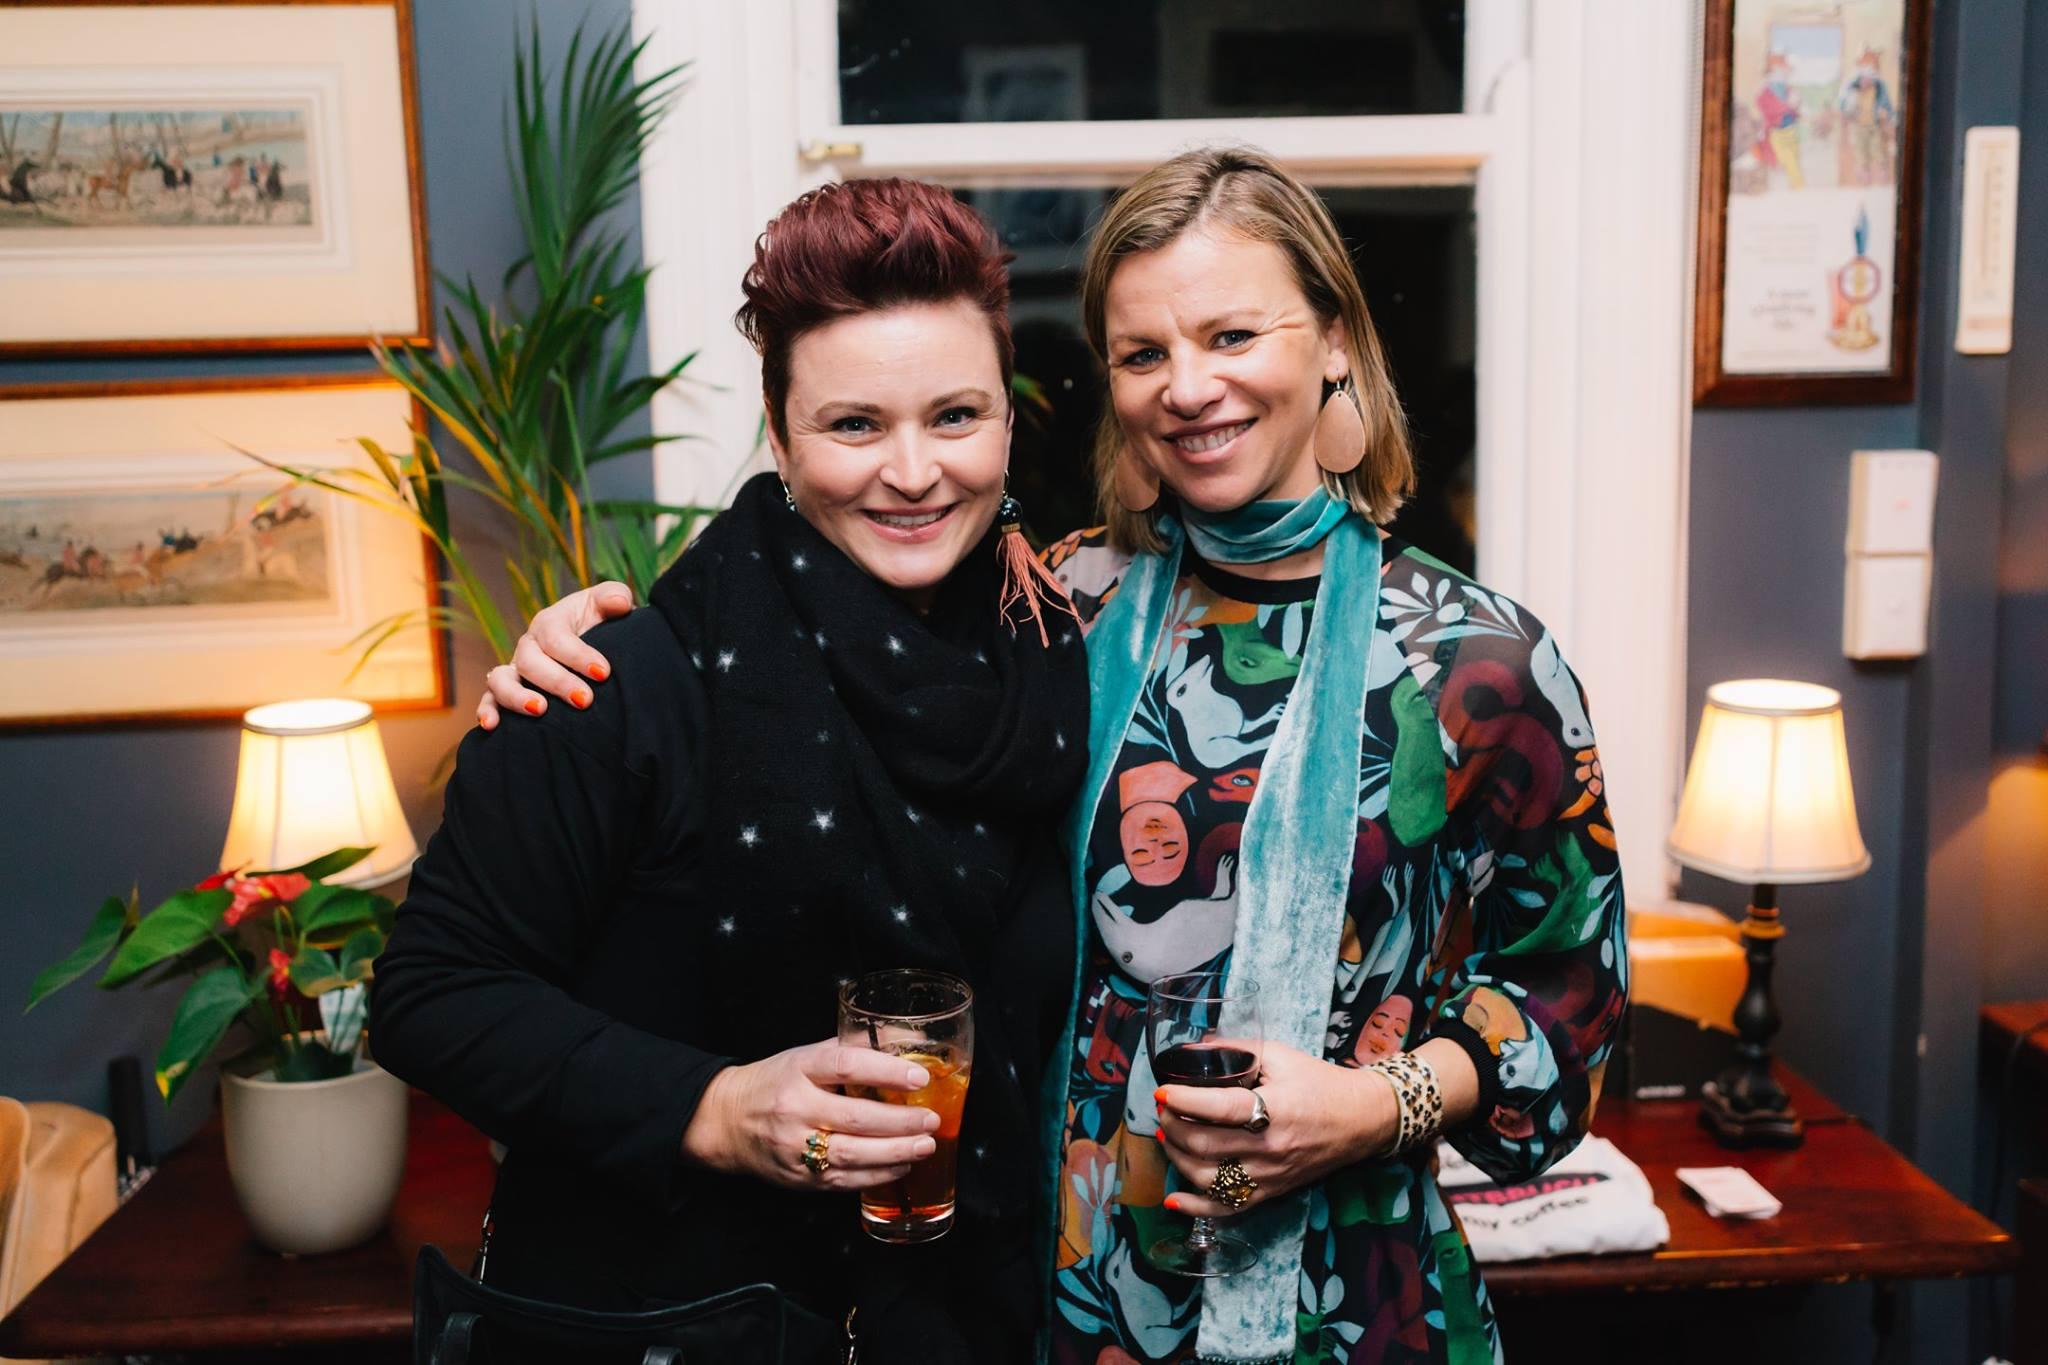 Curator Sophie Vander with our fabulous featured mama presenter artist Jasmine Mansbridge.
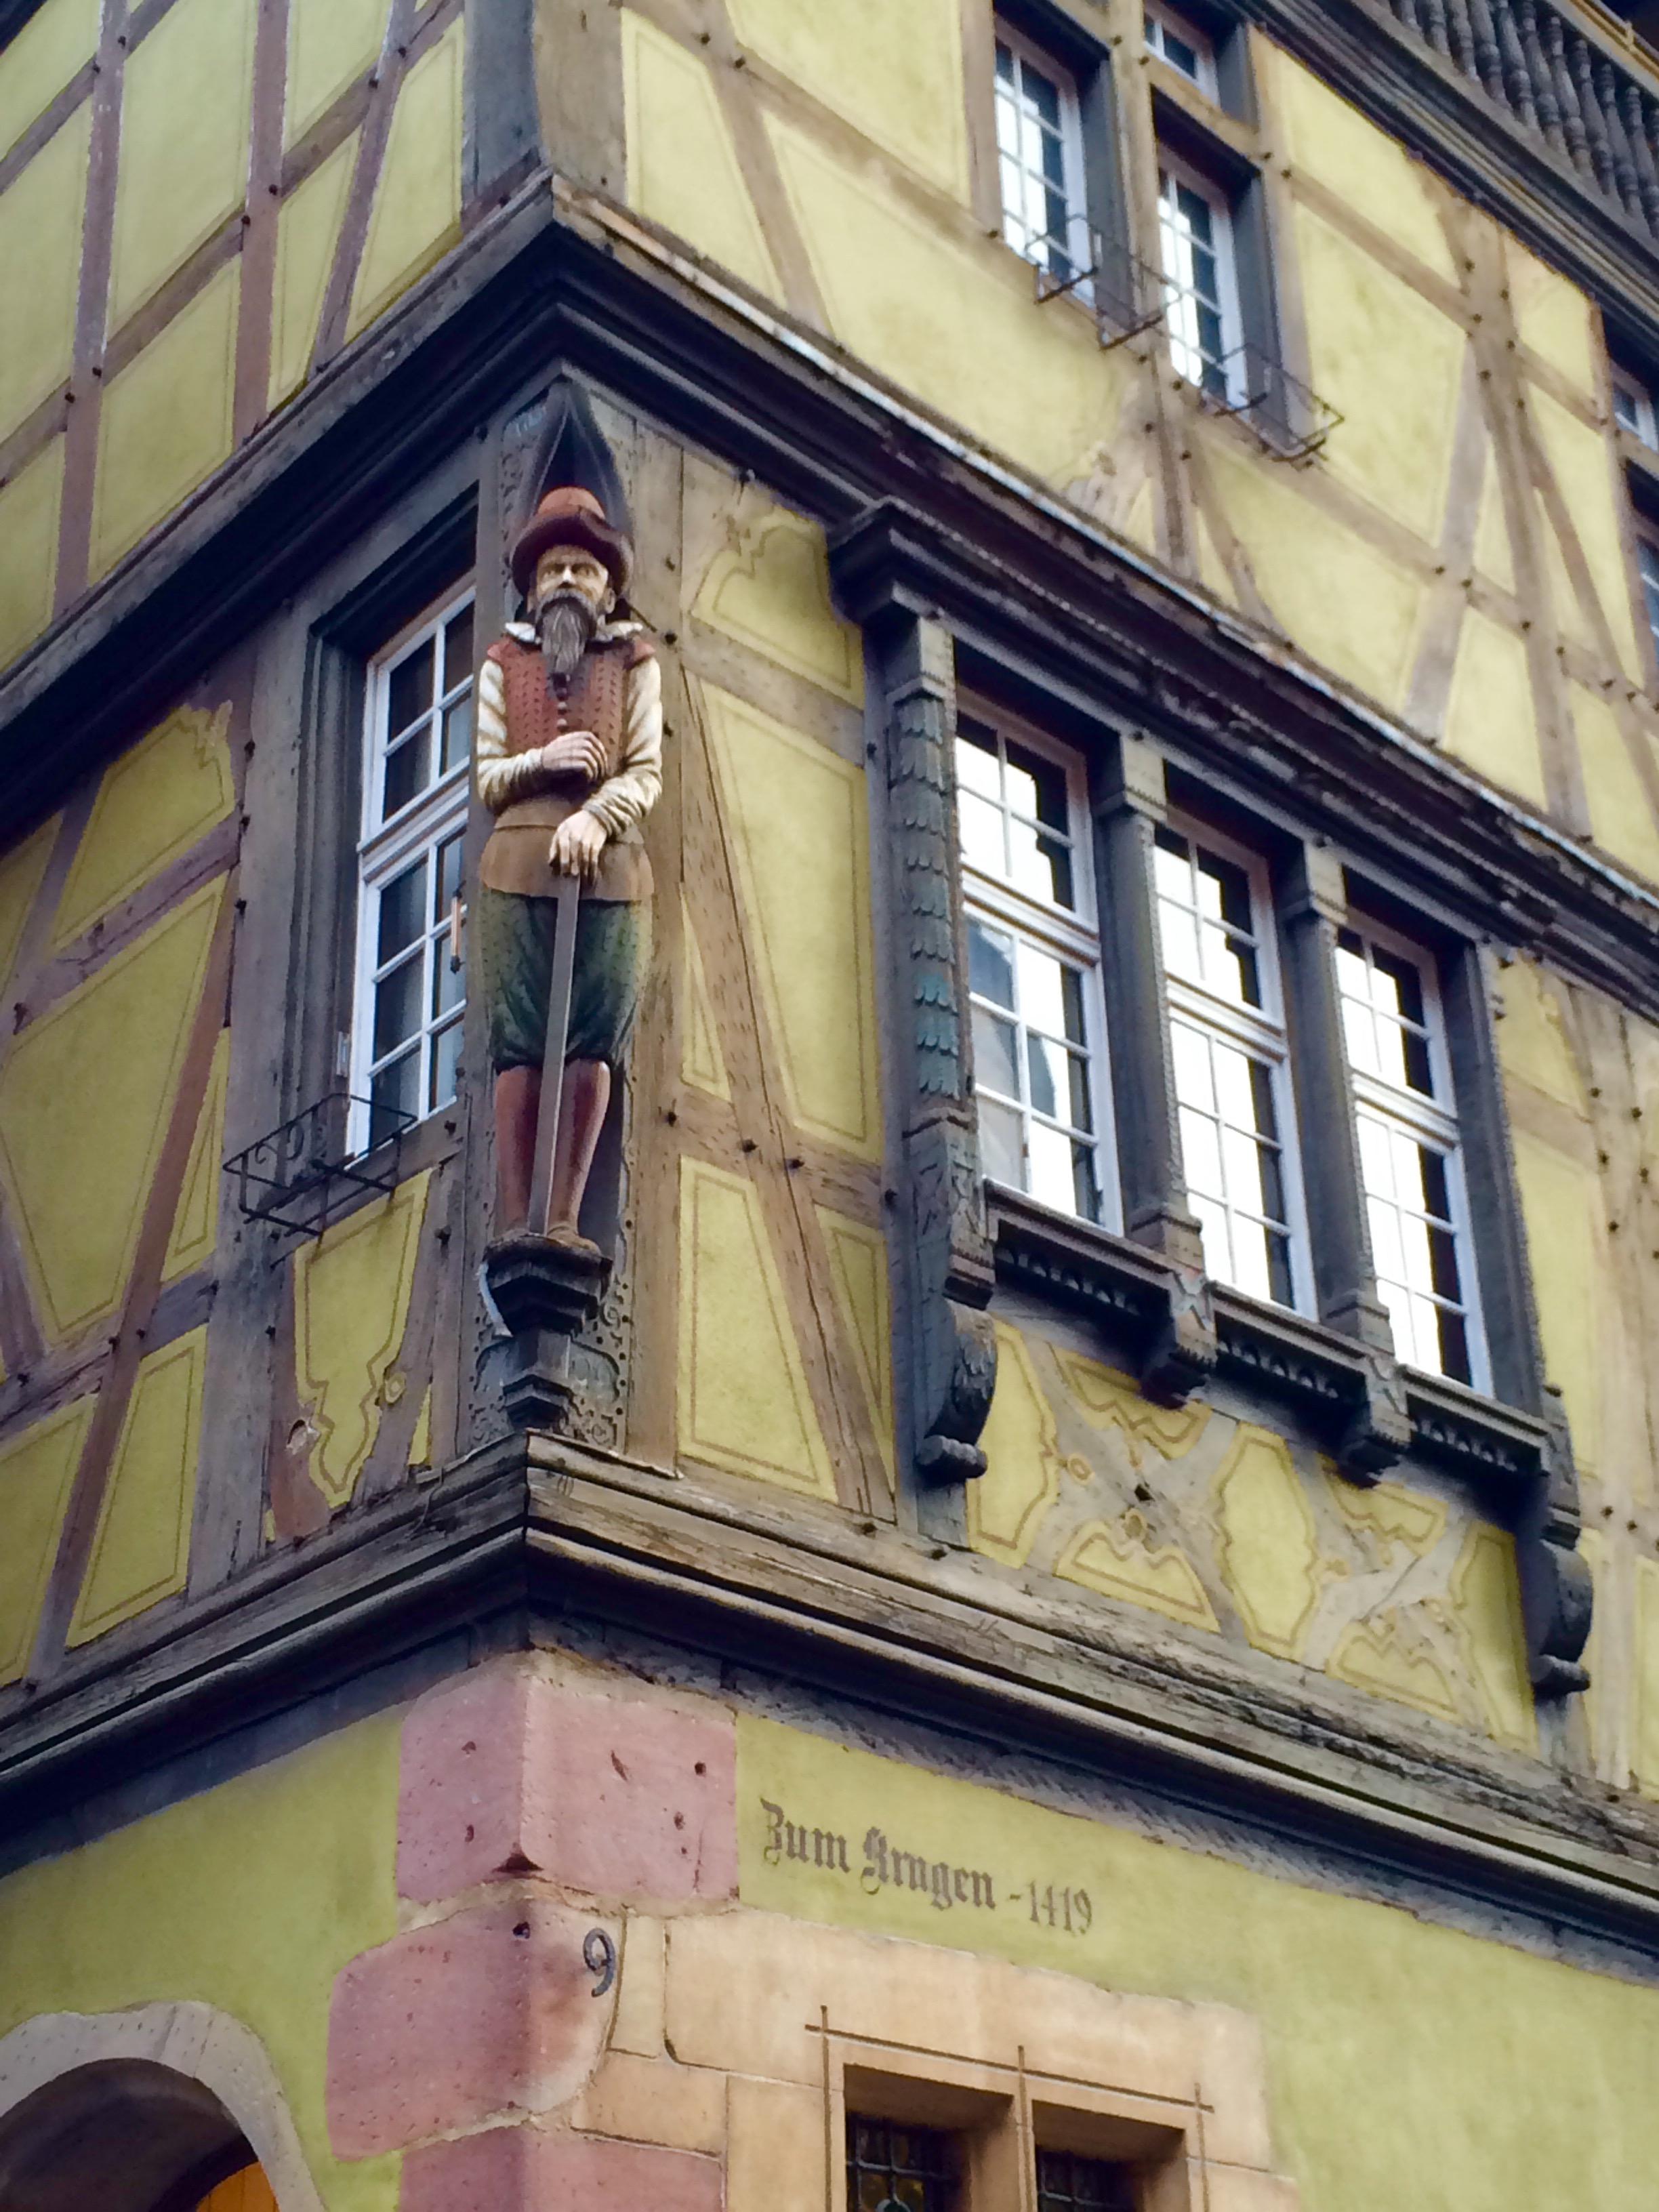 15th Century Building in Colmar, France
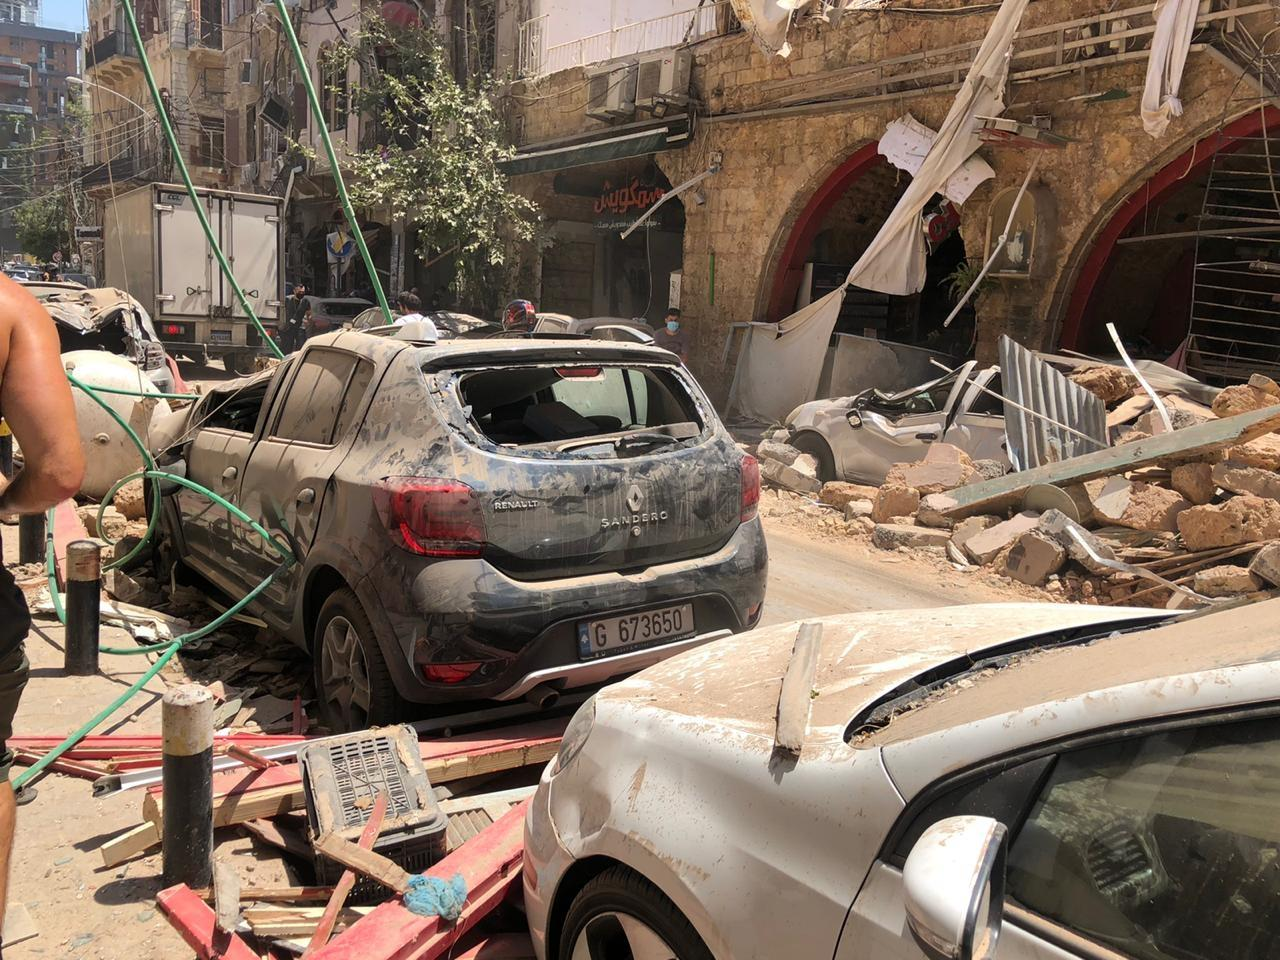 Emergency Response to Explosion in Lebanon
◇ ◇ ◇ ◇ ◇ ◇ ◇
● Required work: Reproduce the whole listing above word for word, dropping each image.

● Result of the exercise:
 Curator Sophie Vander with our fabulous featured mama presenter artist Jasmine Mansbridge.
 15th Century Building in Colmar, France
 Emergency Response to Explosion in Lebanon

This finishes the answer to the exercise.